***** Dataset content *****

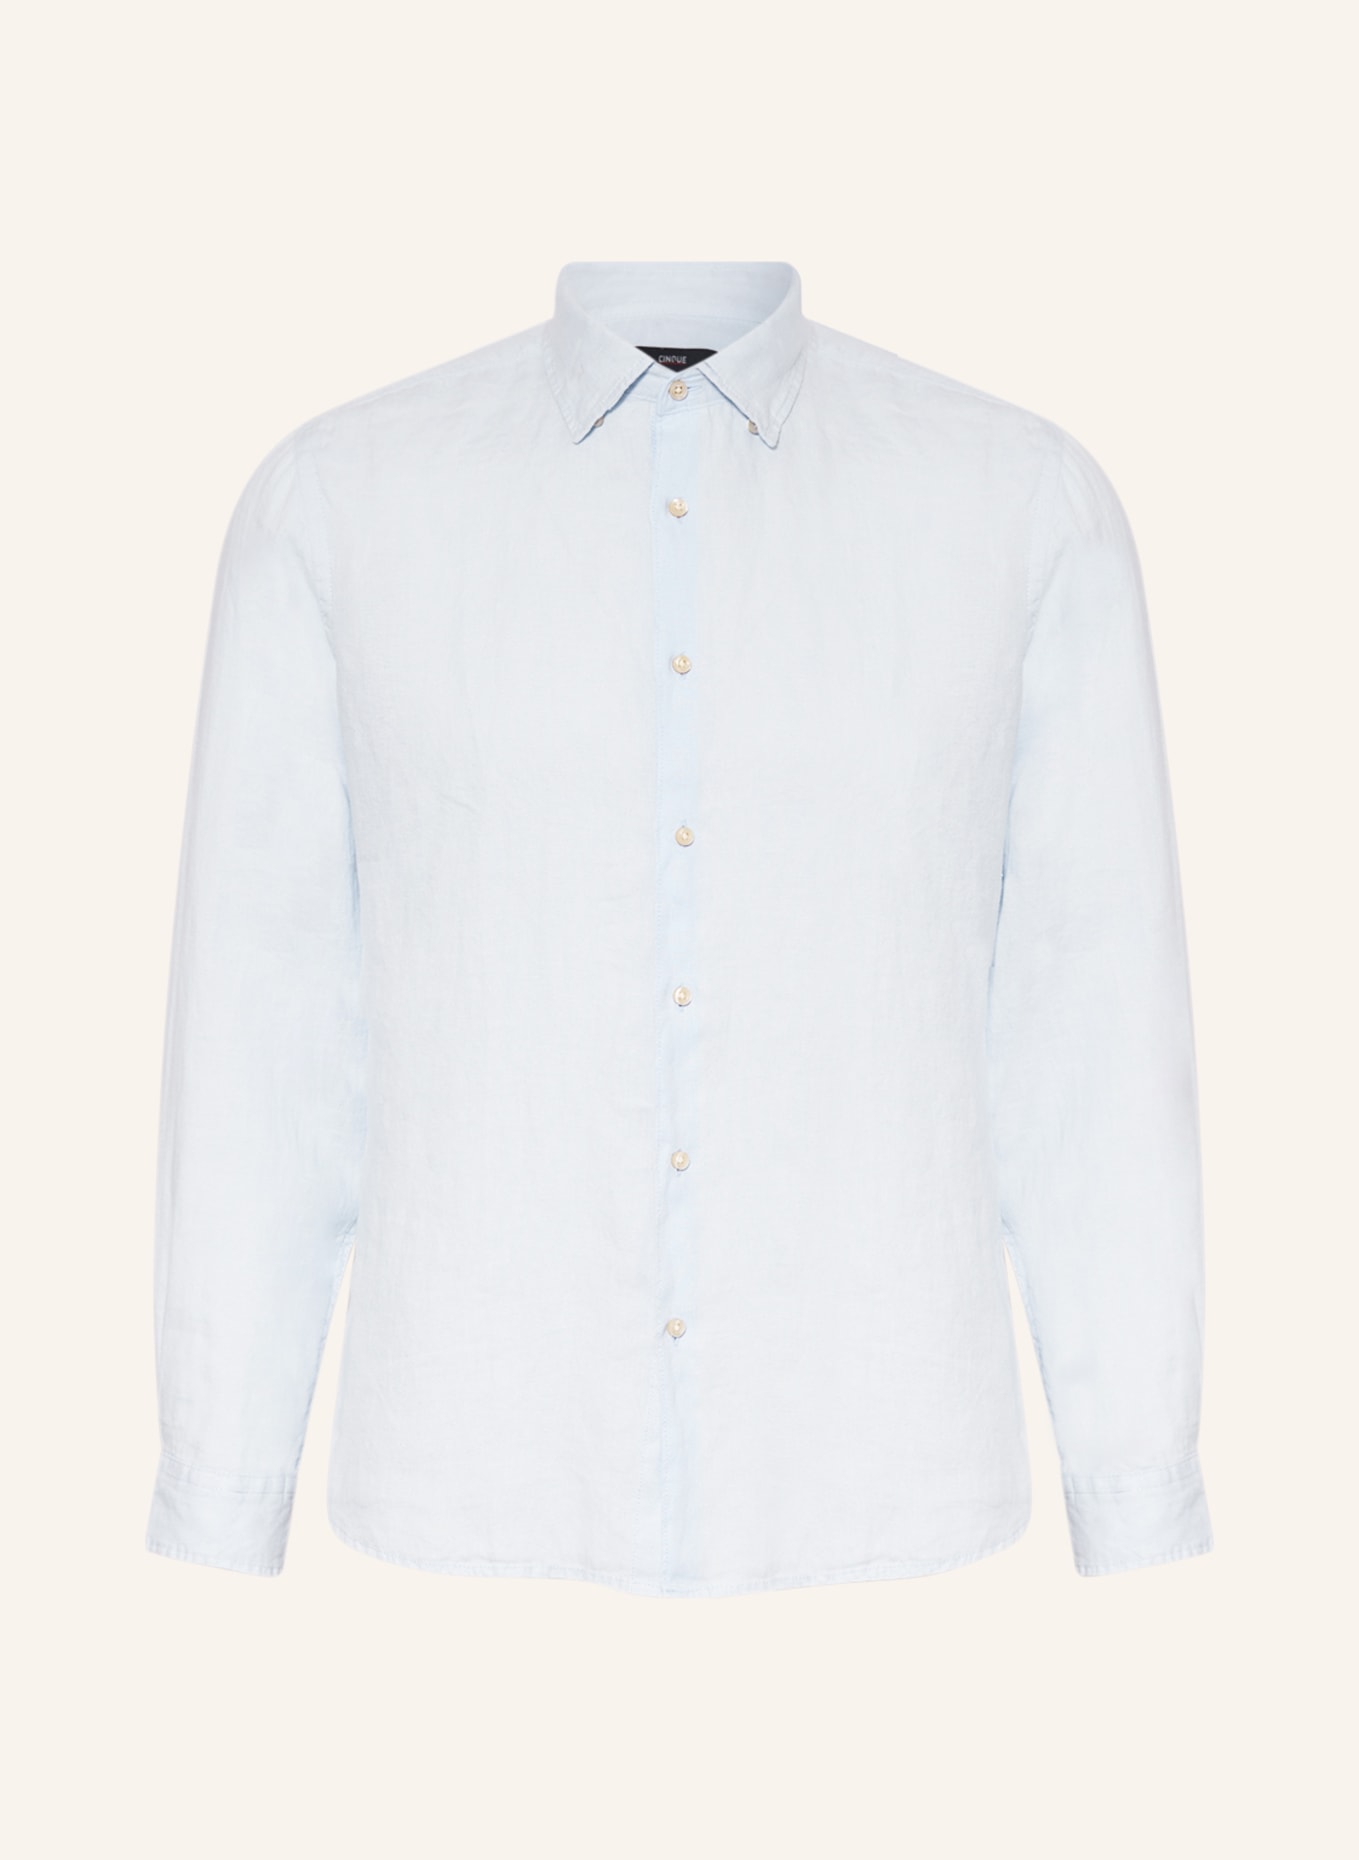 CINQUE Linen shirt CISTEVE slim Fit, Color: LIGHT BLUE (Image 1)
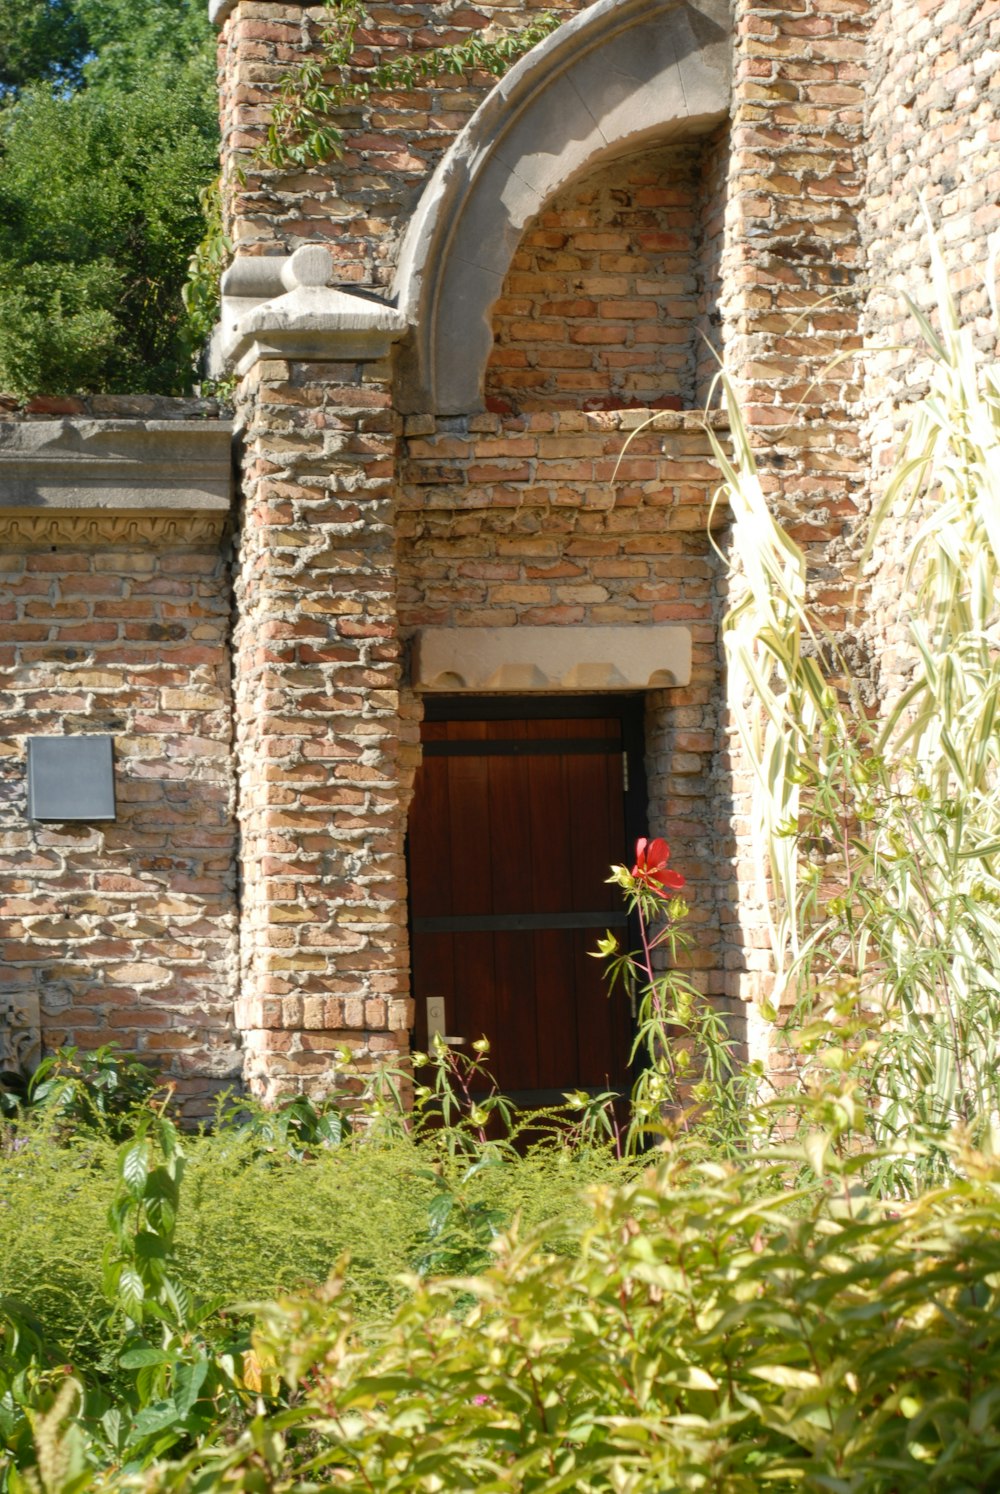 a door in a brick building
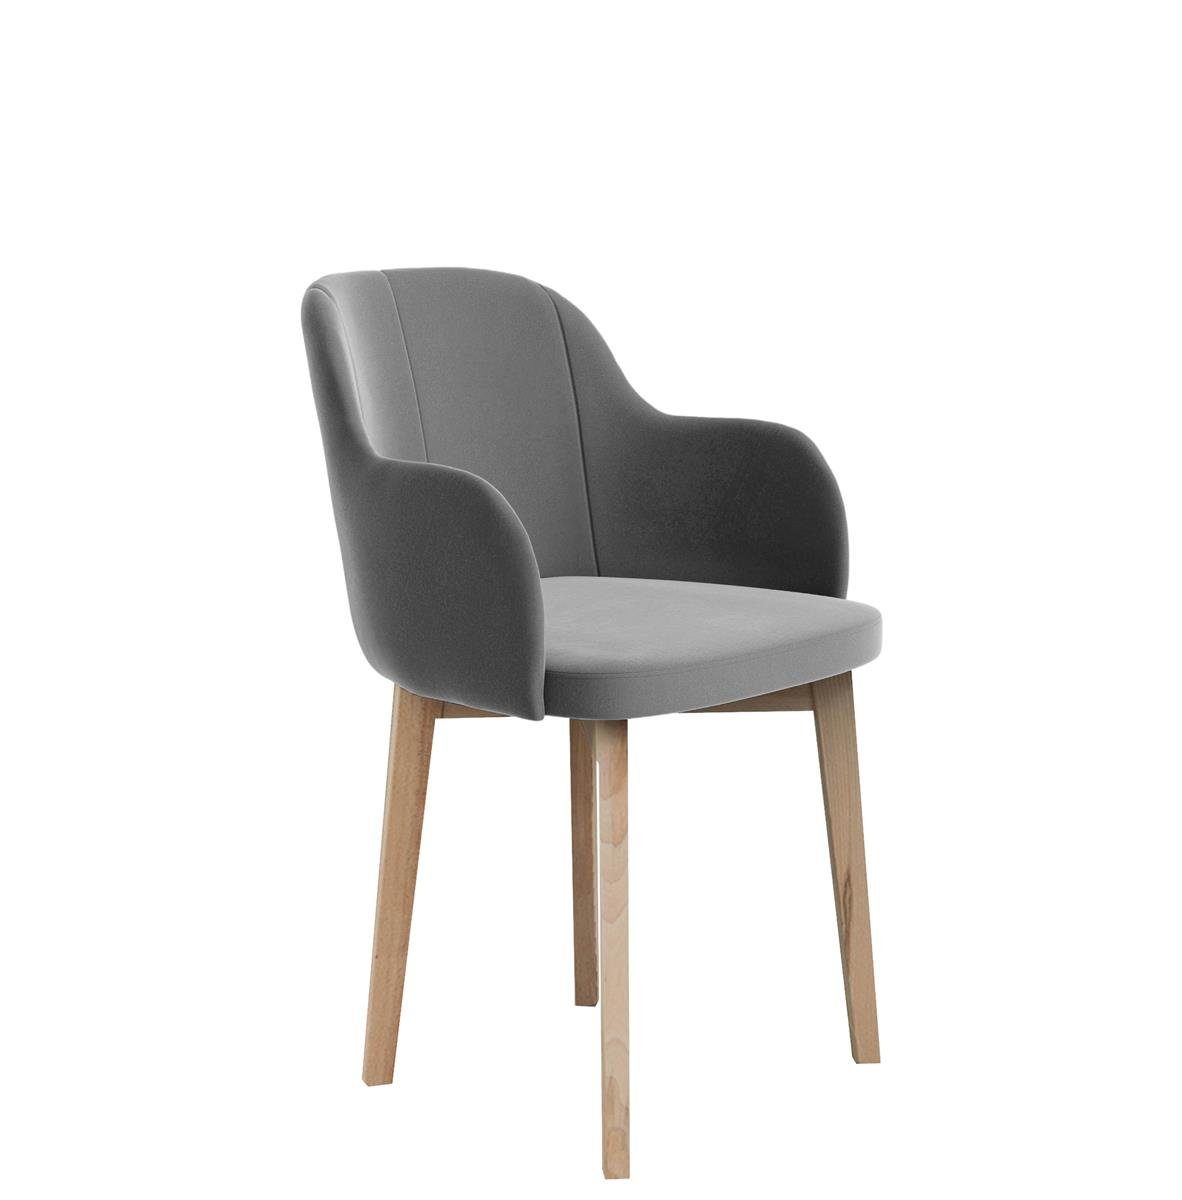 Beautysofa Polsterstuhl Relax (aus Veloursstoff), Stuhl für Wohnzimmer oder Büro, Relaxstuhl mit Holzbeine Hellgrau (riviera 91)

*****

## Aim of the exercise
Copy the data exactly. Any picture it contains is to be omitted.

## Output for this exercise
 CINQUE Linen shirt CISTEVE slim Fit, Color: LIGHT BLUE (Image 1)
 a door in a brick building
 Beautysofa Polsterstuhl Relax (aus Veloursstoff), Stuhl für Wohnzimmer oder Büro, Relaxstuhl mit Holzbeine Hellgrau (riviera 91)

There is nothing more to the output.